Liberdade para desacatar. Por Conrado Hübner Mendes

A condição de agente público confere responsabilidades especiais, não direitos especiais

Na Época

O crime de desacato é indispensável à violência policial brasileira. Por meio dele, prende-se frentista que não deixa policial furar a fila da gasolina; fiscal de trânsito que multa magistrado; assistente social que questiona abordagem policial a crianças; estudante que rejeita assédio de policial; jovens que protestam; a viúva de Amarildo. Monitoram-se também as redes sociais. Márcio França, governador de São Paulo, sintetizou esse caldo de cultura: “Se você ofender a farda, ofender a integridade do policial, você está correndo risco de vida. É assim que tem de ser”.

Diversas democracias do mundo já aboliram esse crime, por violação da liberdade de expressão. Tribunais e comissões internacionais de direitos humanos convergem. No Brasil, o tema está em aberto. Após algumas decisões pela inconstitucionalidade do crime de desacato, tomadas por tribunais estaduais e pelo STJ, o tema chegou ao STF por via de duas ações: um habeas corpus indeferido e uma arguição de descumprimento de preceito fundamental (ADPF) pendente.

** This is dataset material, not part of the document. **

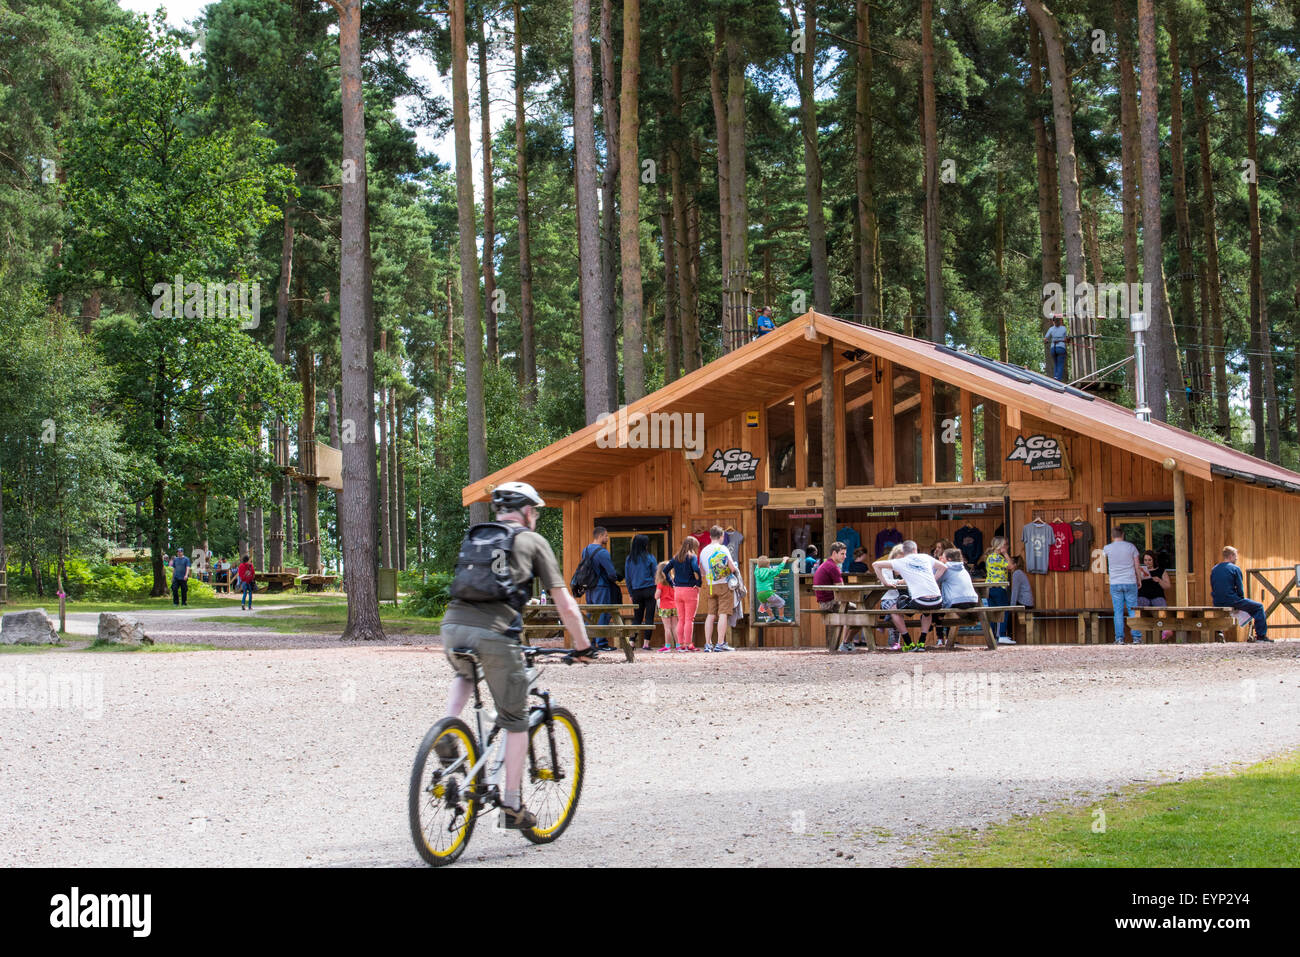 A man cycling and people sitting on benches outside Go Ape activity centre cannock chase Staffordshire West Midlands UK Stock Photo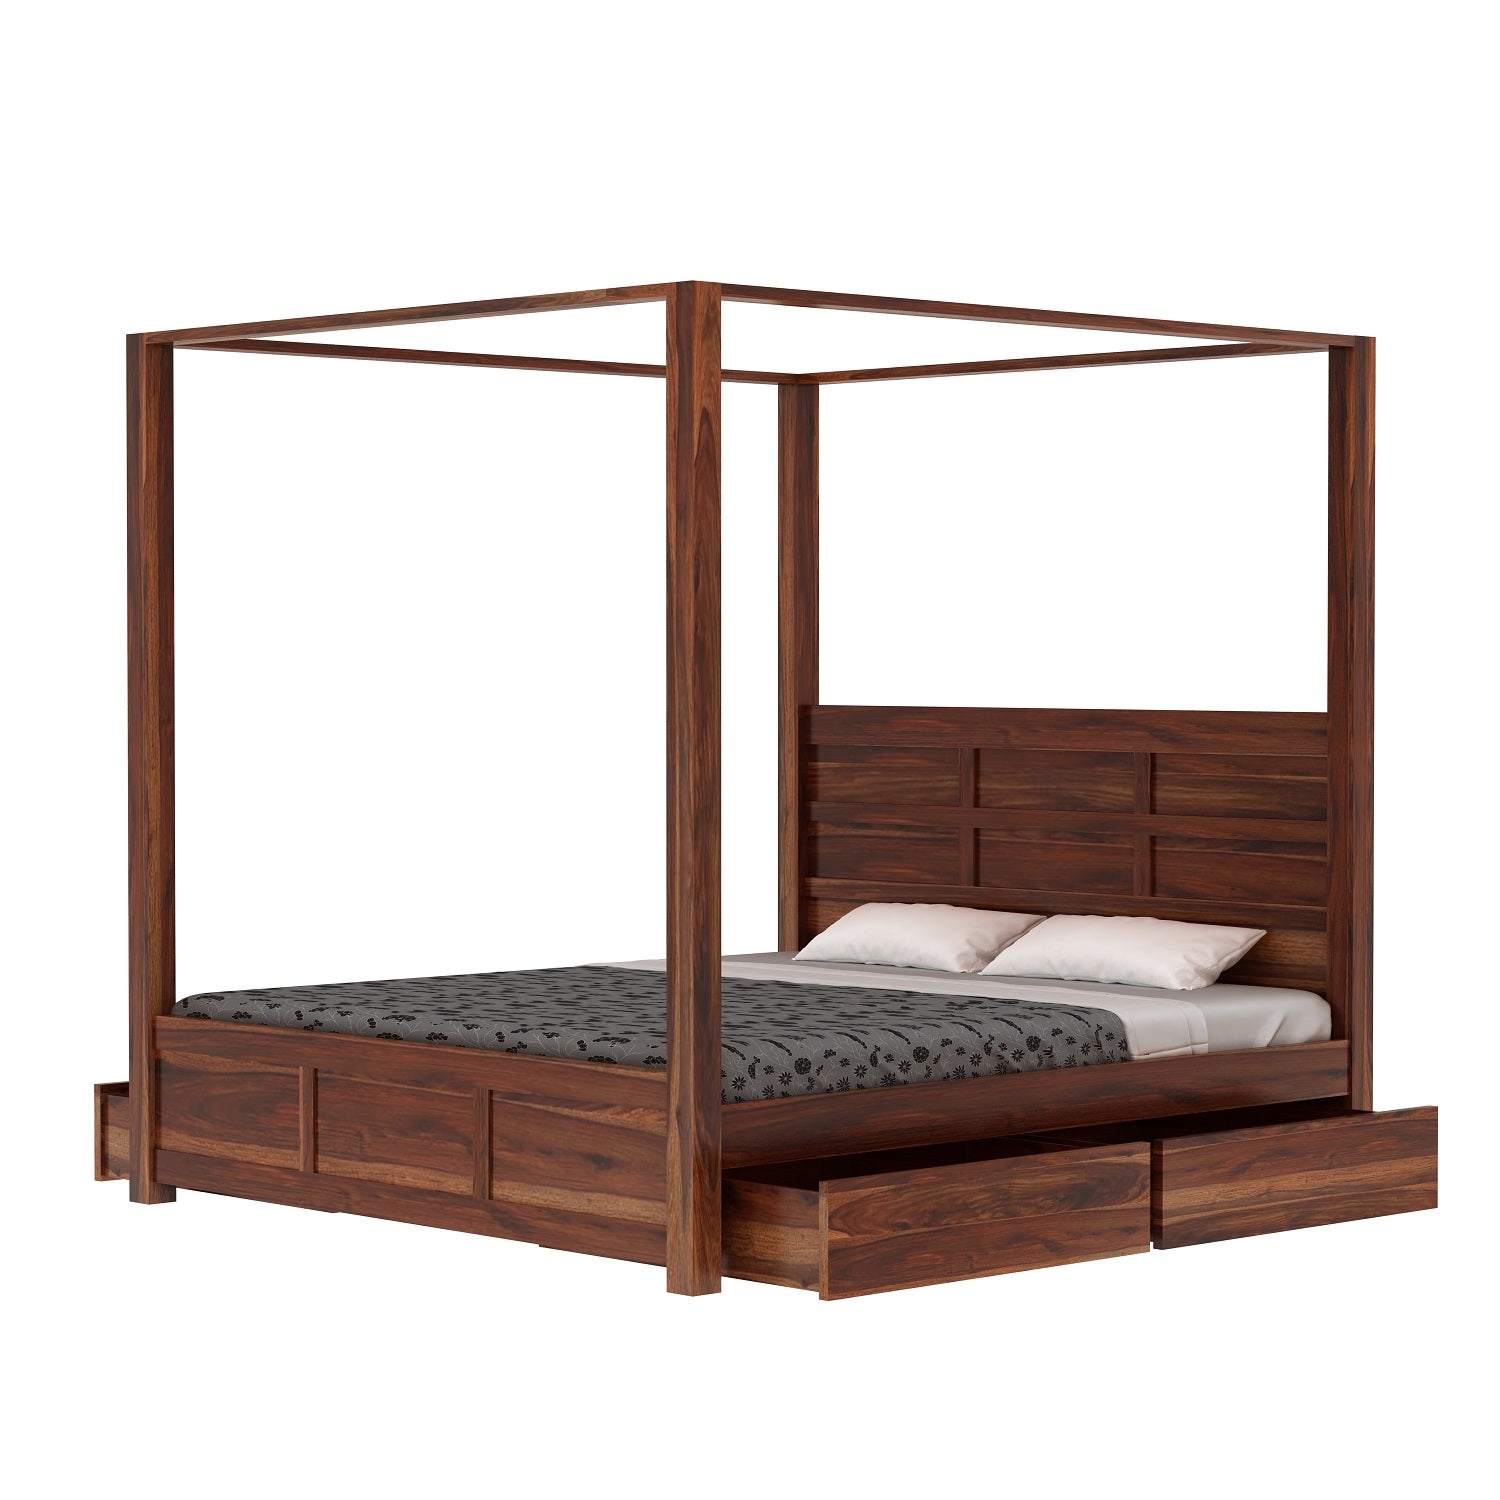 Woodwing Solid Sheesham Wood Poster Bed With Four Drawers (Queen Size, Natural Finish)

A decisão do habeas corpus alegou que a “liberdade de expressão não é absoluta”. Dessa premissa, porém, saltou para a conclusão sem explicitar, no meio do caminho, a métrica que relativiza a liberdade. Quando há desacato? A decisão do STF procurou ajuda no Dicionário Houaiss e nos manuais de Direito. Achou nove verbos, quatro substantivos e nenhum critério. O que faltou em elaboração conceitual sobrou na enumeração de sinônimos: destratar, desprezar, afrontar, insultar, vituperar, ofender, humilhar, espezinhar, agredir; irreverência, grosseria, causar vexame ou desprestígio. Se já não é fácil para o discernimento judicial, imagine para um policial no calor das trocas cotidianas. Gilmar Mendes, Dias Toffoli e Ricardo Lewandowski aceitaram a constitucionalidade do crime de desacato. Os mesmos ministros que, nos casos da Lava Jato, abraçam o chamado “garantismo penal” em nome da liberdade também validam a previsão de crime cuja natureza convida ao arbítrio. Ignoram que garantismo e desacato não bailam a mesma valsa.

A condição de agente público confere responsabilidades especiais, não direitos especiais.

Suportar eventual tratamento ríspido e grosseiro por qualquer cidadão é ônus da função pública.

Se a integridade física ou moral de qualquer um deles for afetada, invocar desacato é desnecessário. O desacato não serve para proteger a honra da pessoa do agente público, pois para isso o Código Penal oferece a injúria. Não serve para preservar a autoridade do Estado, pois para isso há, entre outras coisas, os crimes de desobediência e resistência. Não serve sequer para catalisar um “governo das leis”, pois o conceito de desacato é tão aberto que, na prática, se presta a manipulação. Põe a legalidade de escanteio e dificulta o diálogo crítico entre cidadãos e agentes públicos.

Oficialmente, o desacato almeja proteger o “prestígio da administração pública”. Vale-se do Direito Penal, mão repressiva do Estado, para promover um objetivo abstrato. Há algo suspeito nessa história. A explicação passa pela sociologia do desacato no Brasil. Variáveis de raça, de classe e de gênero, em geral nessa ordem, explicam a quase totalidade dos casos em que um policial se sente desacatado. Adivinhe quem costuma ser preso.

“Prestígio” se conquista por meio de políticas públicas eficientes, transparentes e sensíveis à dignidade dos cidadãos. Na escala de valores da democracia, é um bem menor. O crime de desacato não produz prestígio, mas medo. A relação entre um agente público e um cidadão passa a ser permeada pelo espectro da prisão em flagrante. Eventual prisão poderá ser relaxada pelo juiz, mas o desacato já terá cumprido sua função intimidatória. Mesmo para manifestar indignação a uma conduta injusta ou meramente descortês de agente público ou em situações de descontrole emocional, cidadãos têm de medir as palavras e os gestos. Afinal, qualquer palavra ou gesto poderá ser entendido como desacato.

O crime de desacato, em vez de semear respeito à autoridade, corrói as condições de sua existência. Uma relação tensa e reverencial não se confunde com respeito à autoridade. O desacato infantiliza o cidadão. A liberdade para desacatar fortalece a democracia.